О! Майн гот! И тут нижний брейк. Но я уж молчал, сейчас не до брейков.
– И был такой аттракцион, ну или типа того. Тиф ставила стул. На него садился парень. Ему давали в руки цветок. Розу искусственную. Этот аттракцион и назвался... какая-то там роза, забыл. И вот начиналась песня, медляк, что-нибудь типа «Отеля Калифорнии». И подходили две девчонки. Парень выбирал одну, а другой давал в руки цветок. Такая переходящая роза. К этой девчонке подходили двое парней. И она выбирала. А другой парень садился с цветком. И вот ближе к концу песни я оказался на стуле.
– Как? Тебя не выбрали?
– изумилась мама.
– Да. Не выбрали. Была там одна фря, - папа пыхнул сигаретой.

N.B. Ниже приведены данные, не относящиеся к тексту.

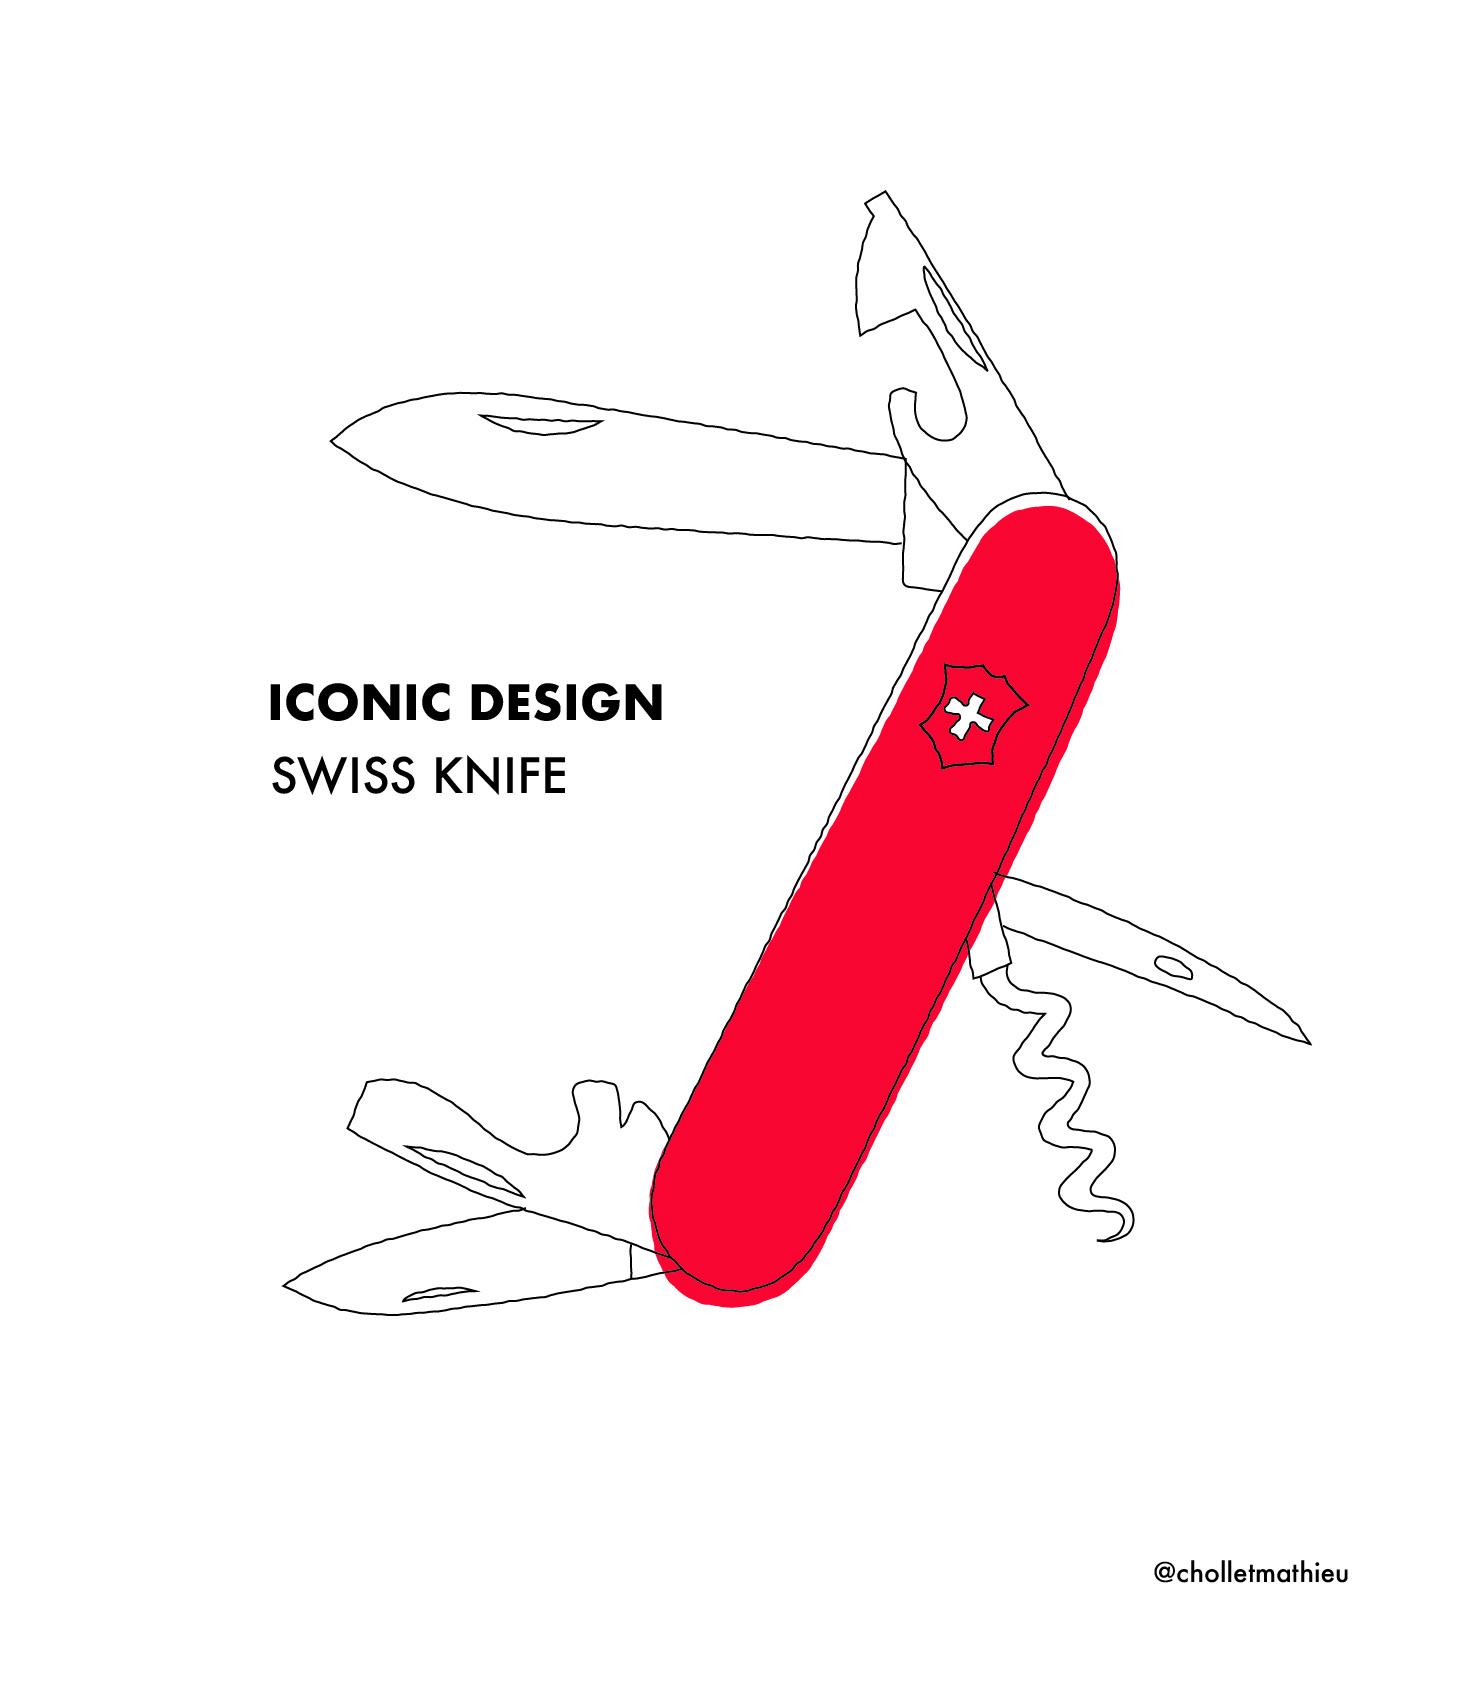 IconicDesign-2

– И вот я сижу. И размышляю: кто ко мне подойдёт. И ко мне подошли Марина и ещё одна девчонка, серая крыска. Худая как палка. Видно было, как любит меня Марина, как она хочет помириться со мной. И что-то меня торкнуло: я вручил цветок Марине, а пошёл танцевать с этой крыской. А смотрел через плечо крыски на Марину, на то, как она расстроилась, как кусает губы, чтобы не разреветься. Она конечно была интересная в своём роде. Но высоченная, выше меня. Хотя тогда по ти-ви шёл сериал «Спрут», и там у комиссара Катаньи тоже была девушка выше его на голову. Ну в общем, я думал, Марину рассердить. По лицу видел: для неё этот момент - огромное горе. Буквально секунд двадцать оставалась до конца медляка. И я смотрел на Марину и видел, и торжествовал. И вдруг! Вдруг она изменилась. Стала спокойной, и сидела с этой розой, и смотрела сквозь танцующие пары. Сквозь, пойми ты! Она как будто отлетела, выпорхнула из проблем и увидела что-то, что не видел никто из нас. Я резко обернулся, на сцене, на занавесе я увидел нечто, что сейчас назвали голограммой. Силуэт человека, только больше, и плащ у него развивается в клетку. Я видел его полсекунды - не больше - пока не прозвучал последний аккорд. Я тогда сразу забыл об этом, отмахнулся как от сверхъестественного.
– Ты был пьян?
– мама просто спец всё перевернуть с ног на голову. Мама у меня очень приземлённый человек, ей не до мечты. Ничего не поделаешь - должность.
– Да. Был.
– кивнул папа раздражённо.
– Мда, что-то я размечтался...
– Ну это всё хорошо. Но ты же начинал с другого. Потом перескочил.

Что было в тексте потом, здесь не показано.